As Hurricane Florence closed in on North Carolina, data from six weather buoys off of Wilmington told forecasters what the rest of their instruments didn’t.

The subtle variations in waves, water temperatures and wind were key clues in just how strong the winds and waves would be from the storm.

If Florence had headed toward Charleston on a similar path, the forecasters wouldn’t have had those readings. Only one buoy sits offshore here — the Edisto Buoy.

That could make a critical difference in the accuracy of predicting everything from storm surge to just how far a storm’s dangerous winds span.

The absent buoys are the legacy of federal budget cuts in the recession years a decade ago and a failure to follow through on funding an ambitious project. At least two buoys off South Carolina never were replaced and likely have been scrapped for spare parts for other buoys.

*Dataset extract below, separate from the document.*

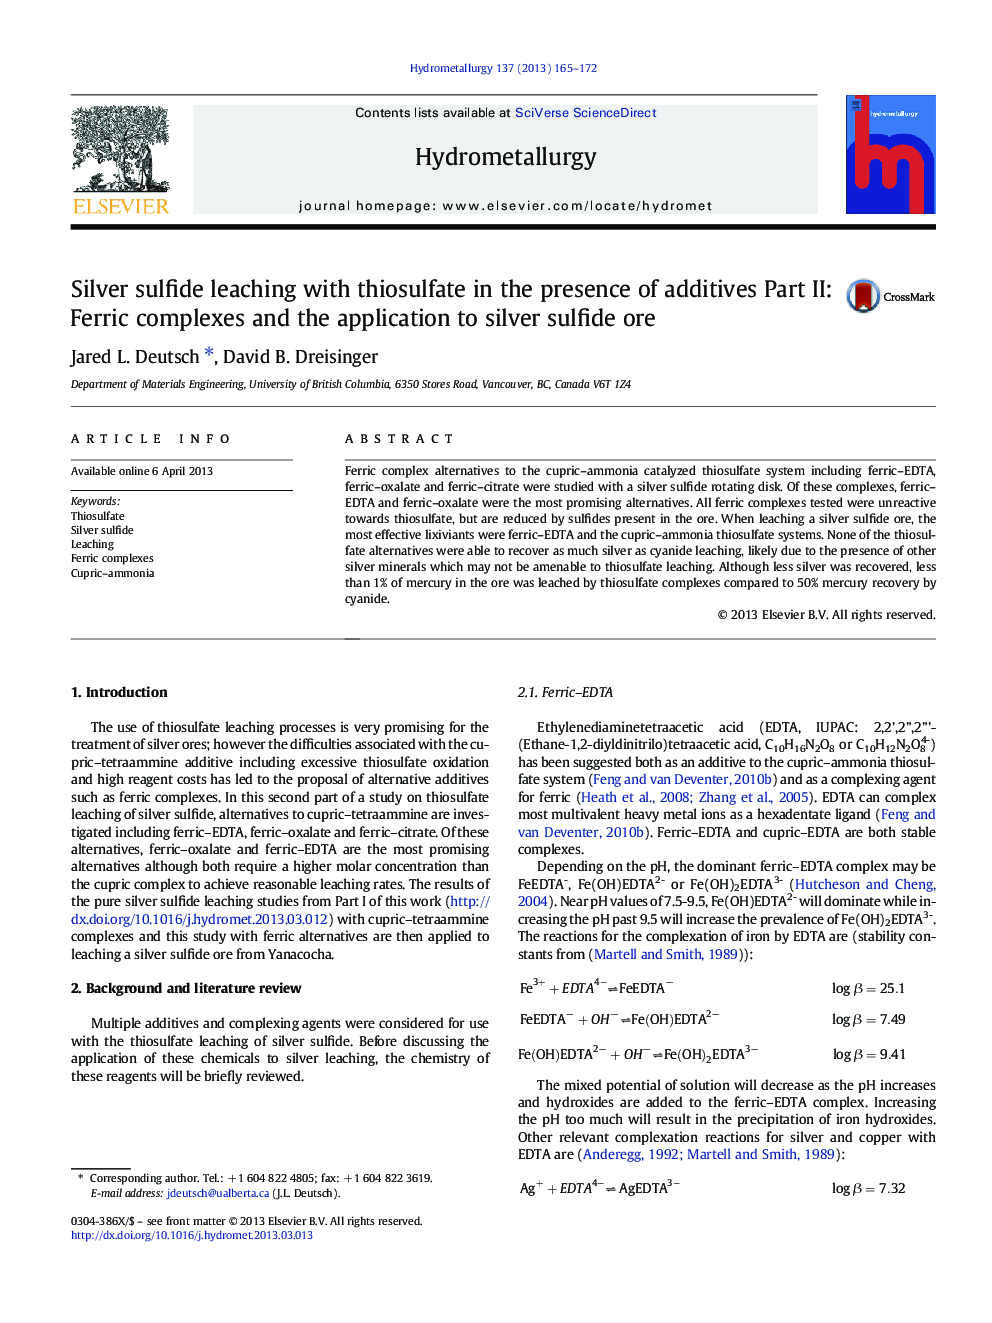 Silver sulfide leaching with thiosulfate in the presence of additives Part II: Ferric complexes and the application to silver sulfide ore

In fact, counting “nearshore” buoys along the coast itself, North Carolina has 17. South Carolina has three.

“Absolutely, yes. It’s a serious handicap,” Charleston-meteorologist Shea Gibson, with the private company WeatherFlow, said of the lack of buoys.

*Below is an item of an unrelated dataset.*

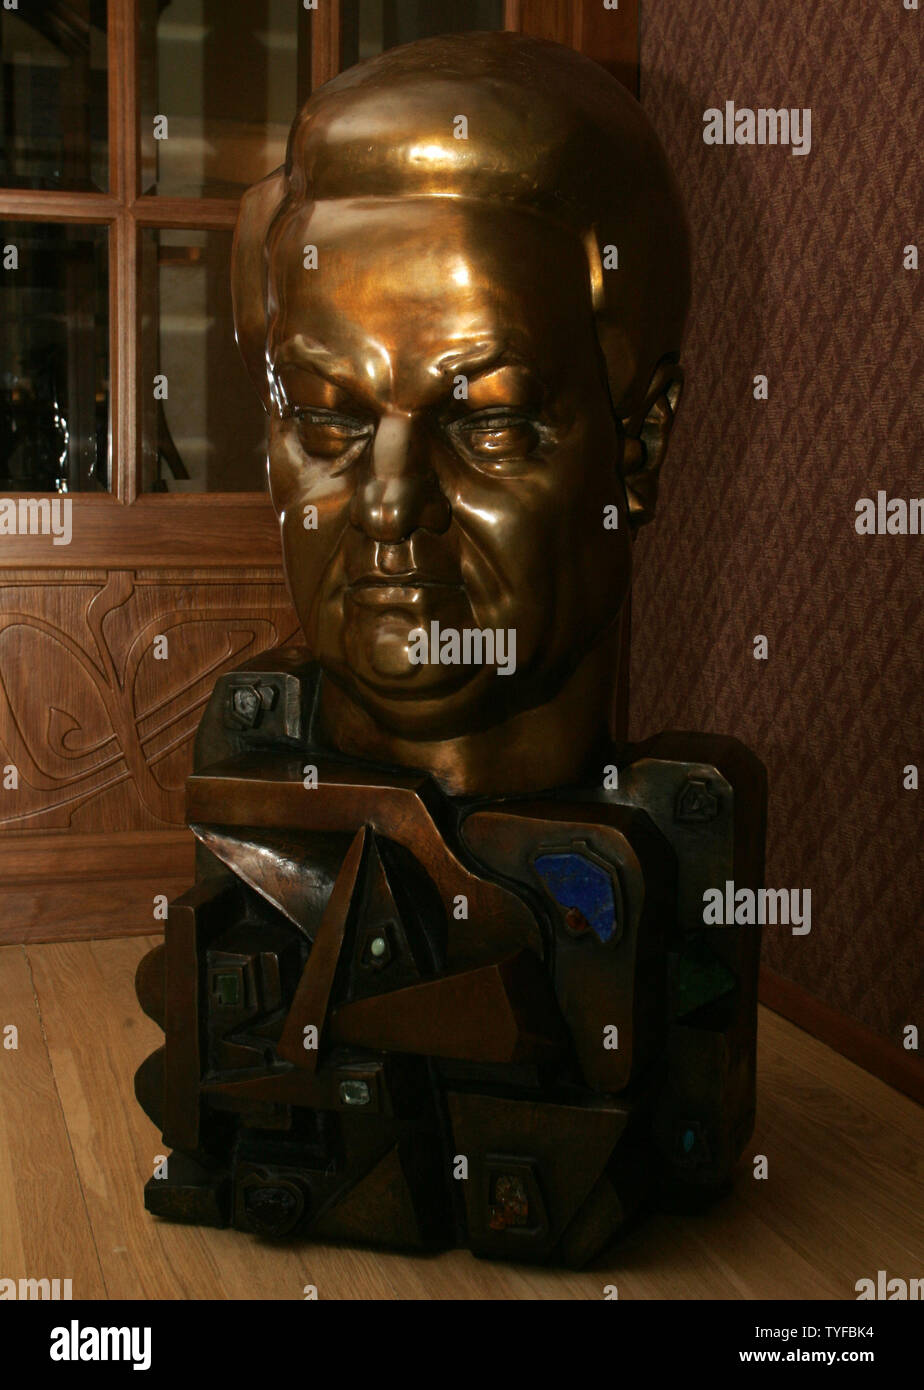 In this file photo, the bust of former President Boris Yeltsin's is on display at his residence in Barvikha, the most presitigious and expensive suburb of Moscow  on January 30, 2006. Yeltsin died at the age of 76 on April 23, 2007 in Moscow. Yeltsin pushed Russia to democracy and a market economy after helping in the collapse of the Soviet Union communist state in 1991. (UPI Photo/Anatoli Zhdanov) Stock Photo

“Certainly it means we have less information about what’s going on off our coast,” said Debra Hernandez, director of the Southeast Coastal Ocean Observing Regional Association, which operates 14 buoys off the Carolinas. “There are definitely gaps in both the buoys, the data they provide and our understanding of the coastal ocean.”

That’s a far cry from what was supposed to happen.

In 2003, a collaboration of federal and academic researchers launched the Integrated Ocean Observing System, a web of offshore buoys and platforms taking readings on conditions such as sea temperature, waves, currents and salinity.

It was hoped to be a hands-on tool to manage everything from fish stocks to forecasting rip currents, storm surge or tsunamis.

The real-time computer network ideally would feed data to and from instruments around the country and around the world, right down to the boater in his boat. The groundbreaking concept eventually could have made life easier for everyone who lives or works along any coast.

Six were put in place off South Carolina, including two along the North Carolina border. Money was never found to install any more.

Each of the remaining buoys costs about $37,000 per year to maintain. Replacing them would cost hundreds of thousands of dollars per buoy.

“Buoys are expensive and difficult to maintain,” said Catherine Edwards, an associate professor at Skidaway Institute of Oceanography in Savannah, Ga. On top of equipment wearing out and salt corrosion, at least one of the buoys has been run over by a ship.

And they occasionally are vandalized — incidents that the NOAA National Data Buoy Center in 2010 estimated to have cost $5.4 million in the previous five years.

Oddly enough, the data for Florence was supported by two torpedo-like, remotely operated submarines in an experiment to test how important a tool the “gliders” can be for reading hurricanes.

Off North Carolina, one of the subs picked up a sharp difference in warmer, fresher surface water and denser, saltier deep water that satellites, hurricane hunter aircraft and the buoys couldn’t. That was fed into computer models predicting the storm.

“It made a big improvement (in the forecasting). This is the sort of information that often gets lost in some of the models,” Edwards said.

She deployed the sub that took readings along the Continental Shelf off South Carolina.

The gliders, which cost from $160,000 to $250,000 and are hundreds of dollars per day to operate, aren’t seen as an eventual replacement for the buoys. They are more of a complement, Edwards said. The more-mobile subs can cover more of the ocean, but the stable buoys can take readings in one spot over longer periods of time.

“They really work together well,” she said.